A high-confidence eQTL relationship is defined as one for which supporting eQTLs are found in more than one study within an integrated set. We identified high-confidence unique eQTL relationships within the eight integrated sets that contain more than one study. The number of studies in which a particular eQTL is found provides an approximate confidence score. Supplementary Table S3 shows the number of unique eQTL relationships and high-confidence unique eQTL relationships in each integrated set at various LD levels. For the largest integrated set, AllCell_AllPop, including all the data, at the lowest LD threshold (r2 > 0.3), the 133,658 unique eQTL relationships result in 5928 high-confidence unique eQTL relationships involving a total of 4252 exGenes (HC-exGenes). In general, most exGenes (77%) contain only one high-confidence unique eQTL relationship in each integrated set at the lowest LD level (r2 > 0.3) (data not shown).
Figure 5 shows the distribution of the number of studies in which each high-confidence exGene is identified, at various LD levels, for the AllCell_AllPop integrated set. Most HC-exGenes appear in more than the minimum of two studies, with four the most common.

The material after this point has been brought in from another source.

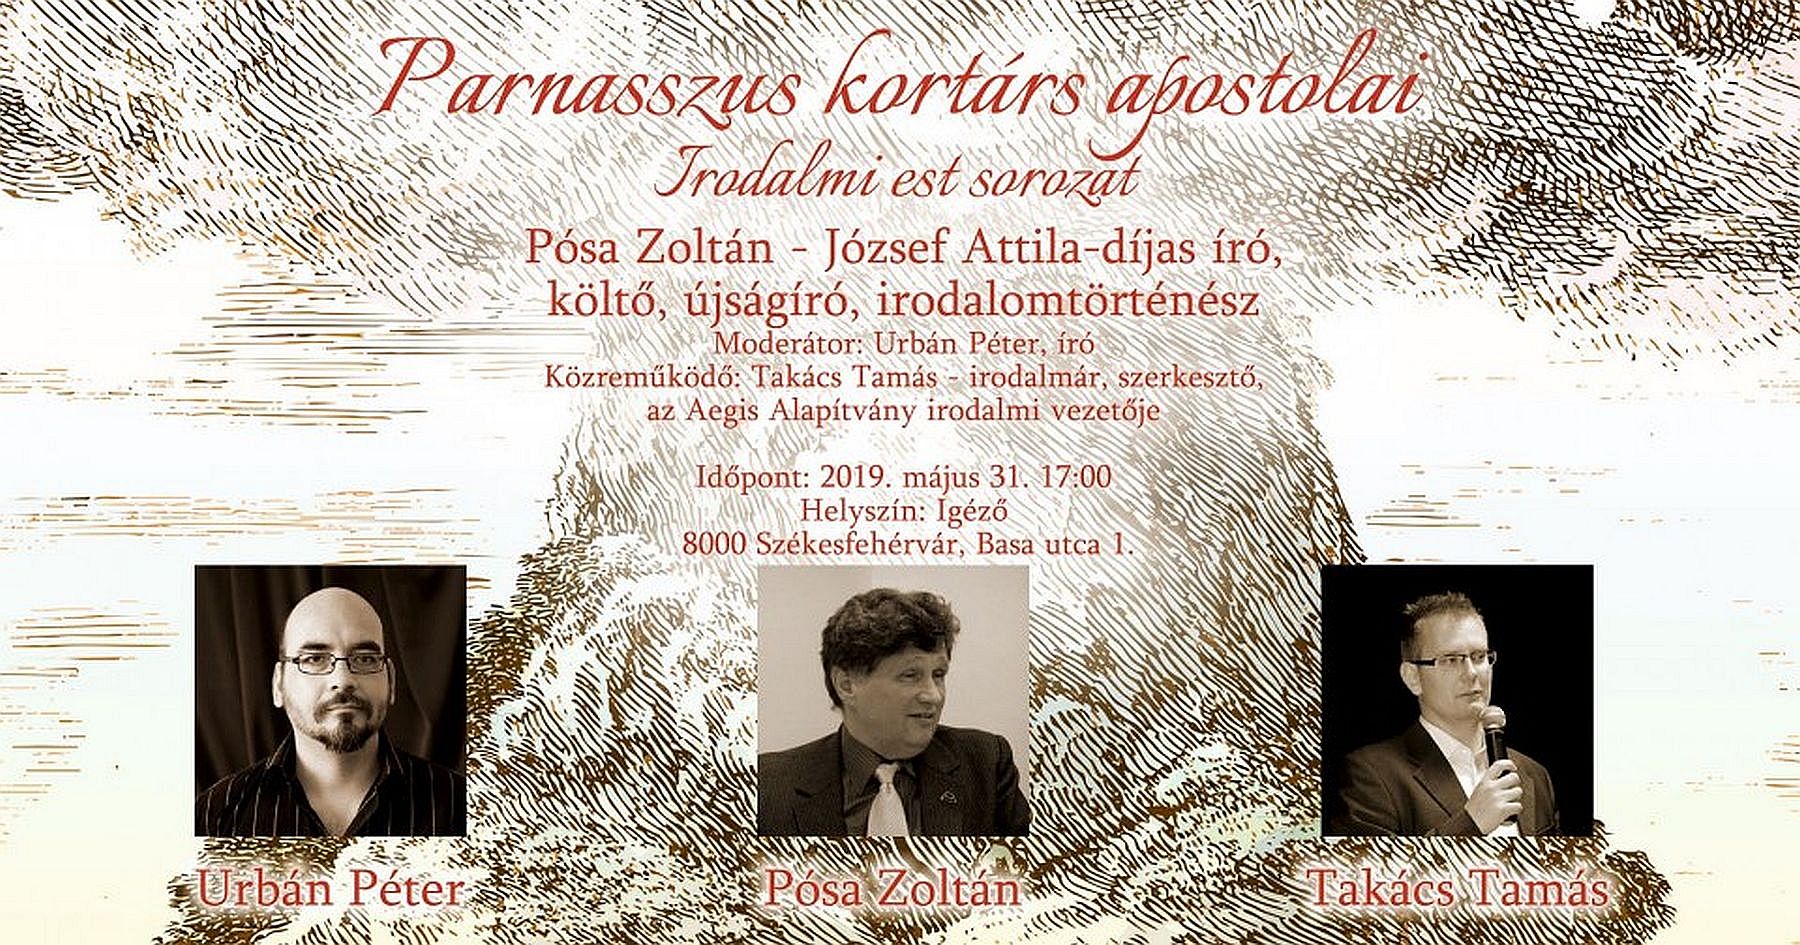 Pósa Zoltán lesz a „Parnasszus kortárs apostolai” irodalmi estek vendége

As an estimate of the relative quality of eQTL datasets, we calculated the fraction of HC-exGenes in each dataset of the LCL_CEU integrated set (Supplementary Fig. S3). This quality measure varies widely. The lowest fraction of HC-exGenes is for the HA2 dataset (6.5%). The MRC dataset has the highest fraction (84%).
Tissue and population dependence of eQTL relationships
We made use of the data for different tissue types included in the 16 eQTL studies to perform limited testing on the extent to which eQTLs are conserved across tissue types. As noted earlier, only a fraction of eQTLs are found in multiple studies even when the same tissue and population have been used, so simply looking at the fraction eQTLs common to studies in different tissues is not an adequate approach. To address this, we restricted the comparisons to situations where there are pairs of studies that share a tissue type, providing a reference level of agreement, and that also have data on other tissues.

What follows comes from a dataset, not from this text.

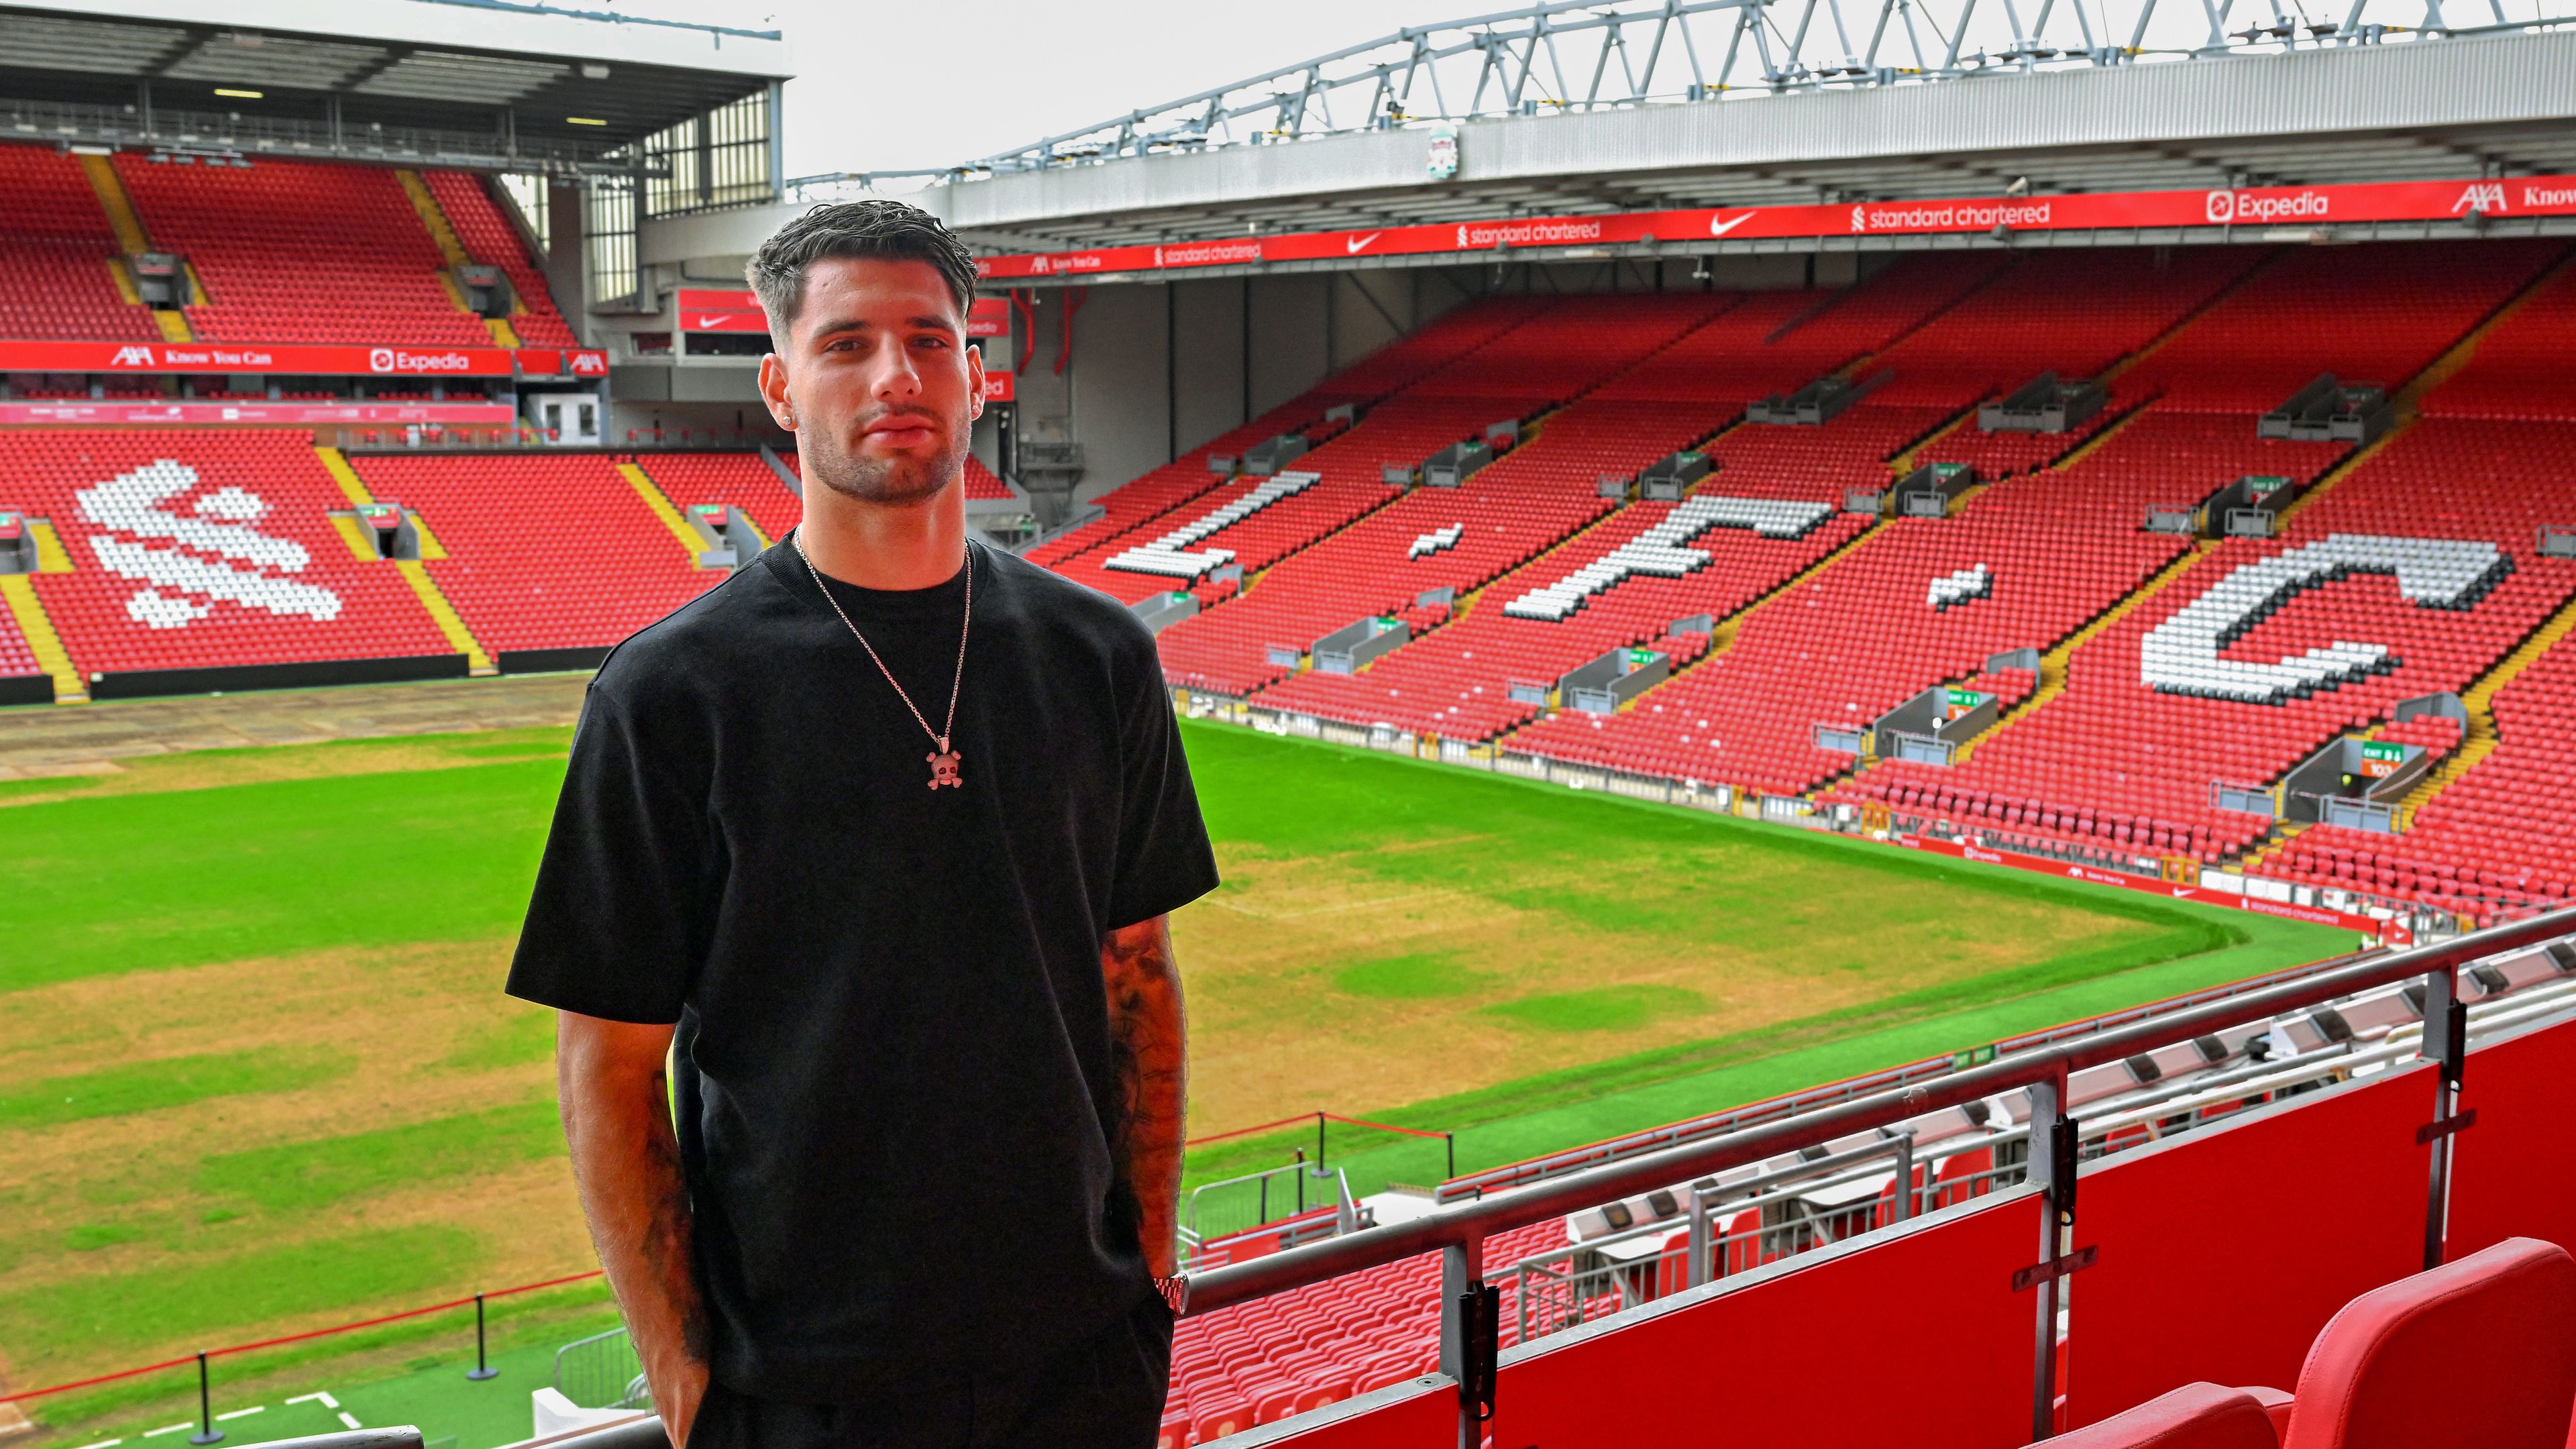 A Liverpoolhoz szerződő Szoboszlai Dominik az Anfield varázsáról és az előtte álló kihívásokról is beszélt a Sportálnak adott interjúban

Two studies, each on LCLs and two other tissues, can each be used for this purpose: MuTHER with LCL, fat, and skin (Grundberg et al., 2012; Nica et al., 2011) and 3C with LCL, fibroblast, and T cell (Dimas et al., 2009). Both studies are in Caucasian populations and so can be compared with the other LCL studies on that population. Figure 6 shows the fraction of common exGenes between each of three MuTHER tissues and seven other studies conducted with LCLs. The fraction of exGenes common to pairs of datasets varies widely, from 33% to 68%, reflecting the differing experimental and other factors discussed earlier. However, in all seven comparisons, the fraction of common exGenes is higher between LCL-LCL dataset pairs than for LCL with other tissue comparisons, indicating a level of tissue specificity. For the LCL-fat comparisons, the common exGene fraction is between 27% and 39% lower than for LCL-LCL, and for LCL-T-cell comparisons, it is 29–50% lower. Similar levels of tissue conservation were found within the 3C study. Figure 7 shows similar comparisons between the seven reference LCL sets and the LCL, fibroblast, and T-cell data for the 3C study. In this study, the differences between cell types appear generally rather small: 16–32% fewer for LCL with fibroblast comparisons, and 15–27% less for LCL with T-cell comparisons.

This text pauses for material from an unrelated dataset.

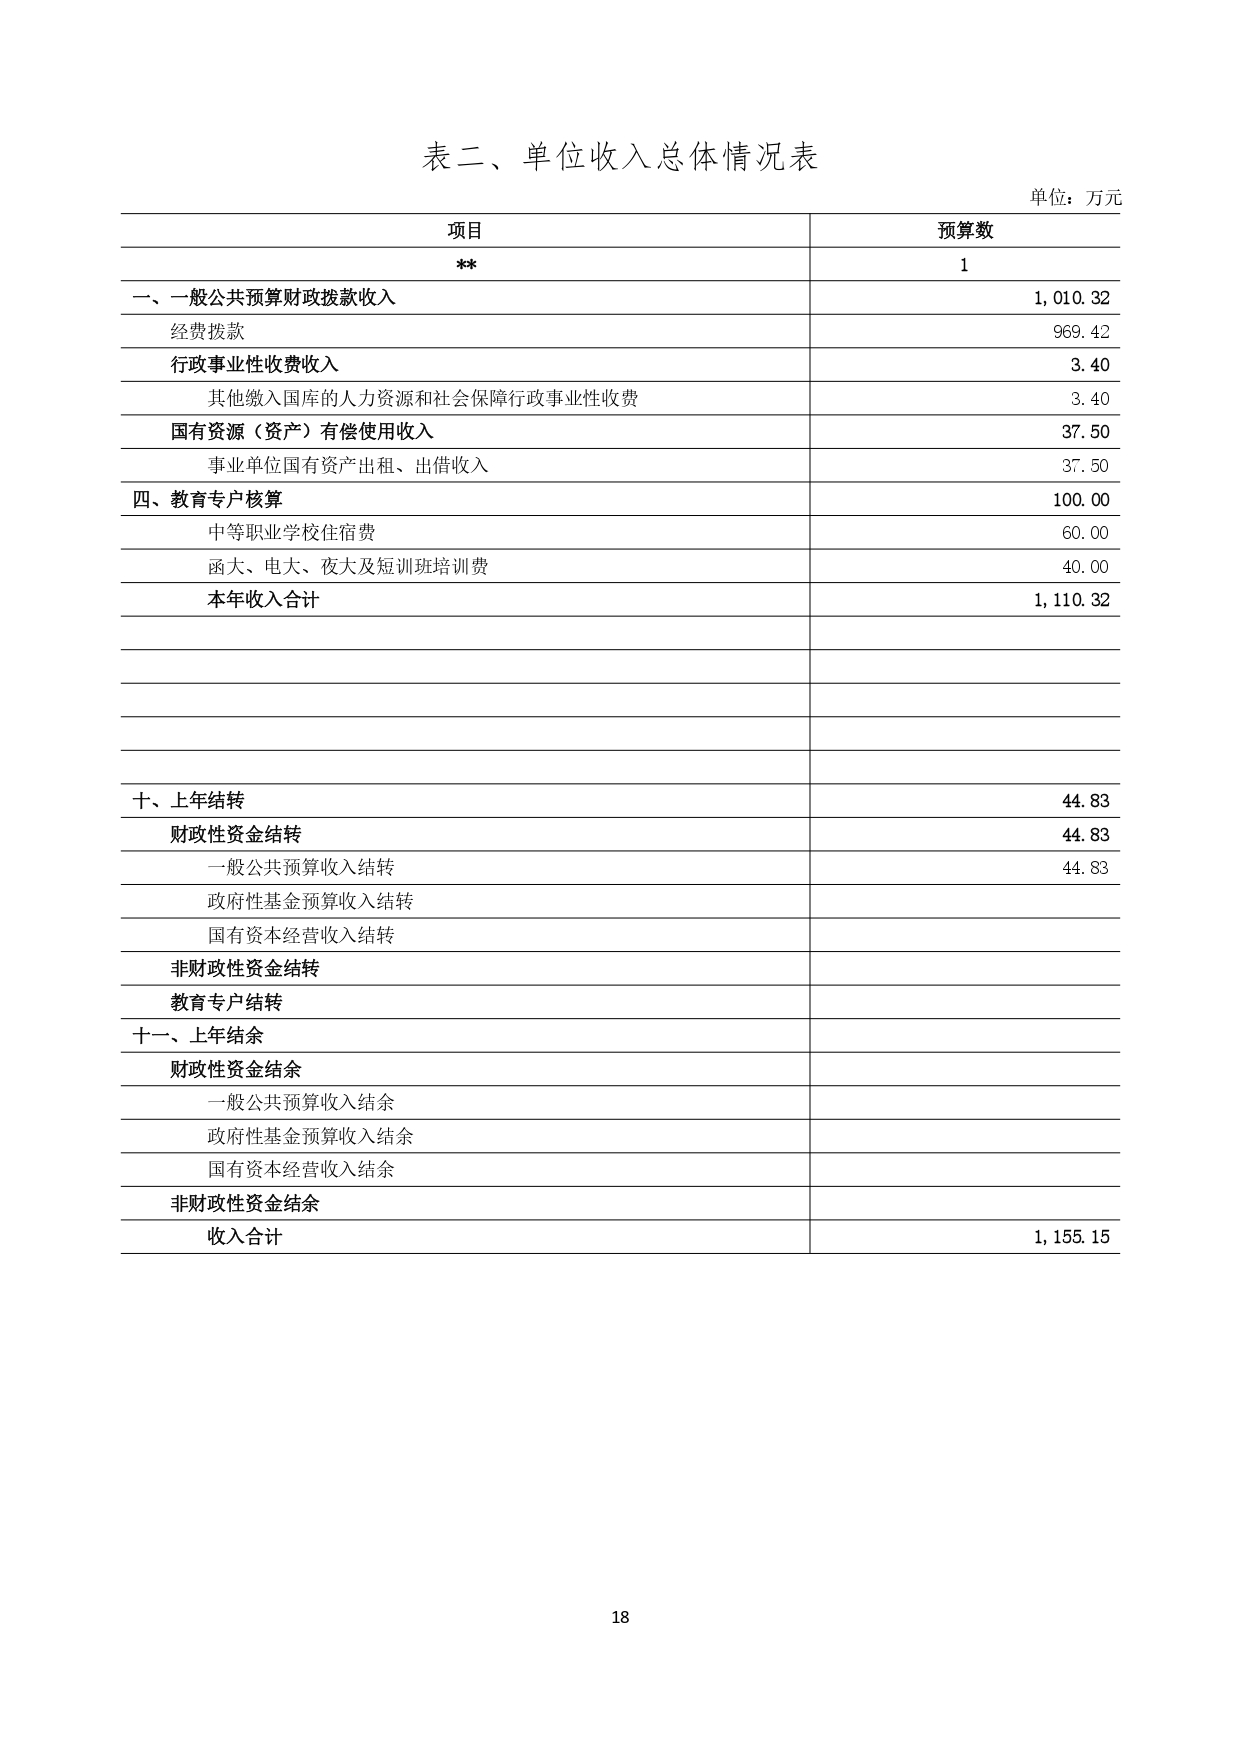 甘肃省广播电视学校2023年单位预算公开报告_page-0019.jpg

A similar analysis can be made for the population dependence of eQTLs, comparing data from LCLs across Caucasian and African populations, using the HA study. Figure 8 shows the fraction of common exGenes between those datasets and those in other studies on Caucasian populations. Differences within and across population fractions are usually small, with the exception of the 3C comparison, where the fraction of common exGenes is about 25% smaller across the populations than within Caucasians.
These are very limited comparisons, but suggest that generally the level of conservation of eQTLs across tissues is fairly high and that between populations is also high, allowing extrapolation between tissue types, although at the expense of some false positives.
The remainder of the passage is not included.